1. Exploring the space of all possible models and their relative merits: E.g. for a given model family, you can explore different forms, for example, for a linear model we could generate all models with main effects.
2. Varying model settings: e.g. systematically alter the tuning parameters to observe the result.
3. Fitting the same model to different datasets: cross-validation, bootstrapping, simulating data, sensitivity analyses, etc.
4. Finding global optima - e.g. when model fitting might not converge to global optimum, you can have a collection of models generated from multiple random starts.
5. Fitting many simple models ot smaller sub-groups of your data rather than a single complex model to the whole dataset
## Computational challenges of fitting many models
We can distill the above tasks into two primary workflows:
1. When you have a single model that you want to repeatedly fit to different sub-sets of the larger data set.
2. When you have a selection of different models you want to fit to the same piece of data repeatedly.
You could solve this computationally by fitting many models using for-loops. Or, when fitting fewer models, you can store your models and their resultant outputs as objects in your global environment.
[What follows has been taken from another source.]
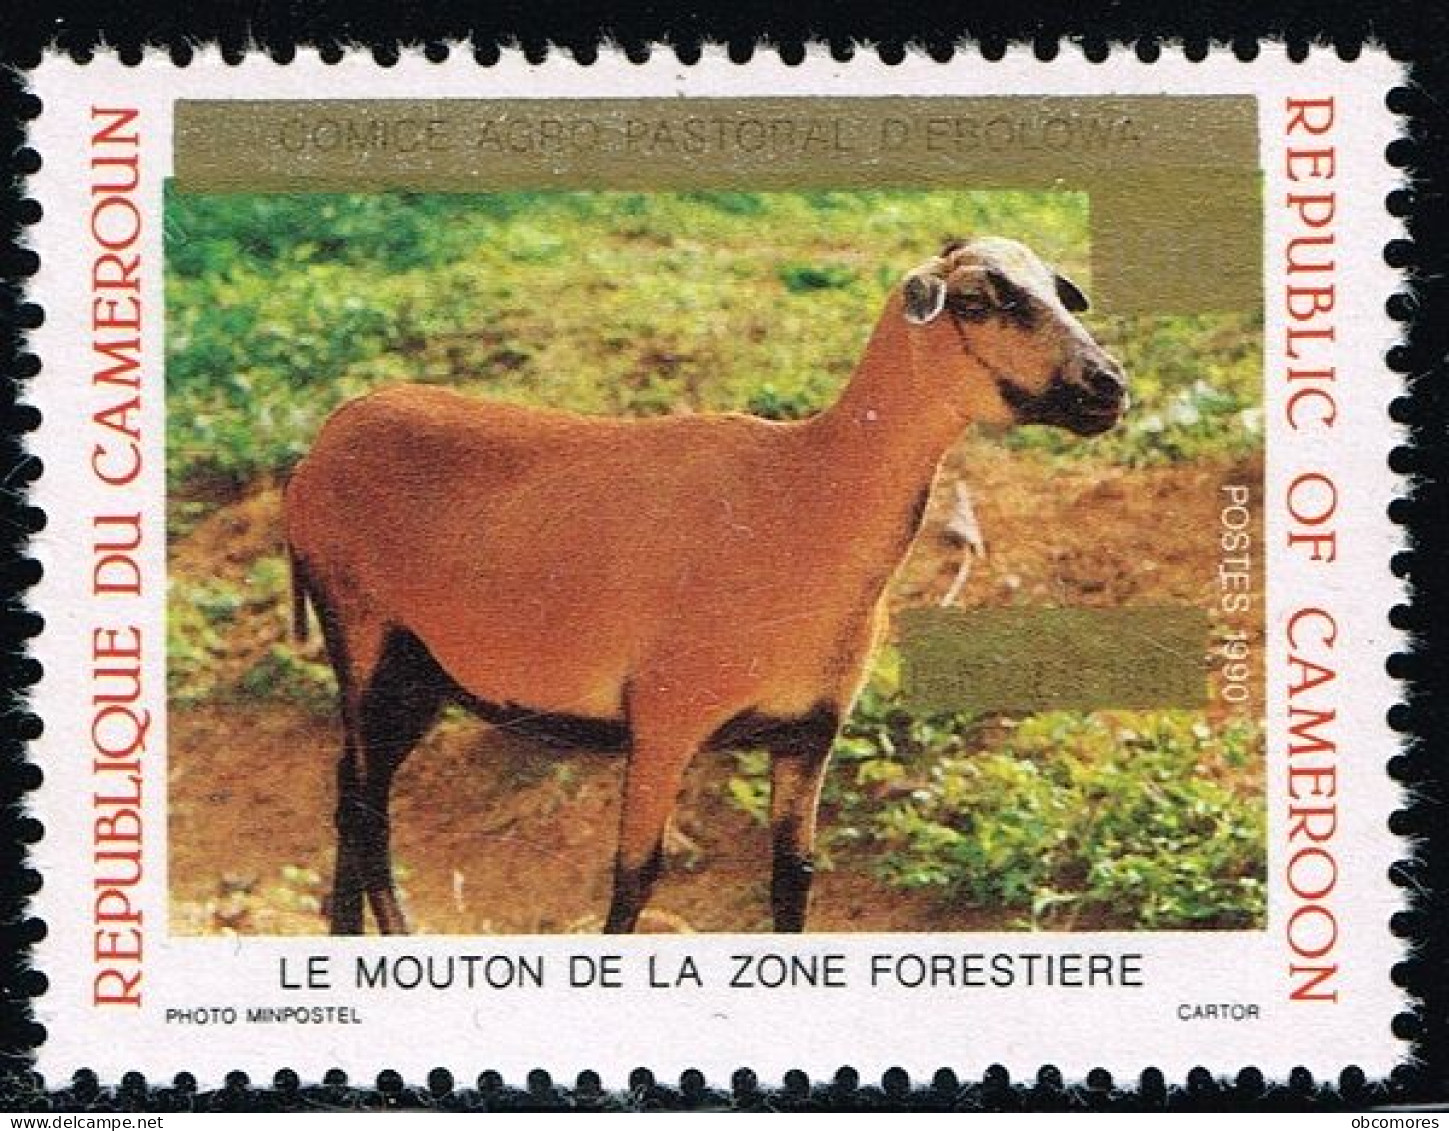 CAMEROUN Cameroon Kamerun 1993 Mouton Sheep Mi 1199 Sc 895 Overprint But Without New Value 125 F! RARE - MNH ** - Kamerun (1960-...)

- Loops: slow, *cumbersome* to write
- Intermediate objects: clutter up your global environment, must keep mental-track of each object
- For either method, you still need to extract the desired model outputs from each fitted model, wrangle them, combine them, perhaps wrangle some more, before you can analyse and/or visualise your many models simultaneously.
But there are a suite of tools out there that get the job done more efficiently (both in terms of computational efficiency, and in terms of the actual code that you write)!
## A workflow for same model, many pieces:
What do we need? (getting around the loop / many objects conundrum)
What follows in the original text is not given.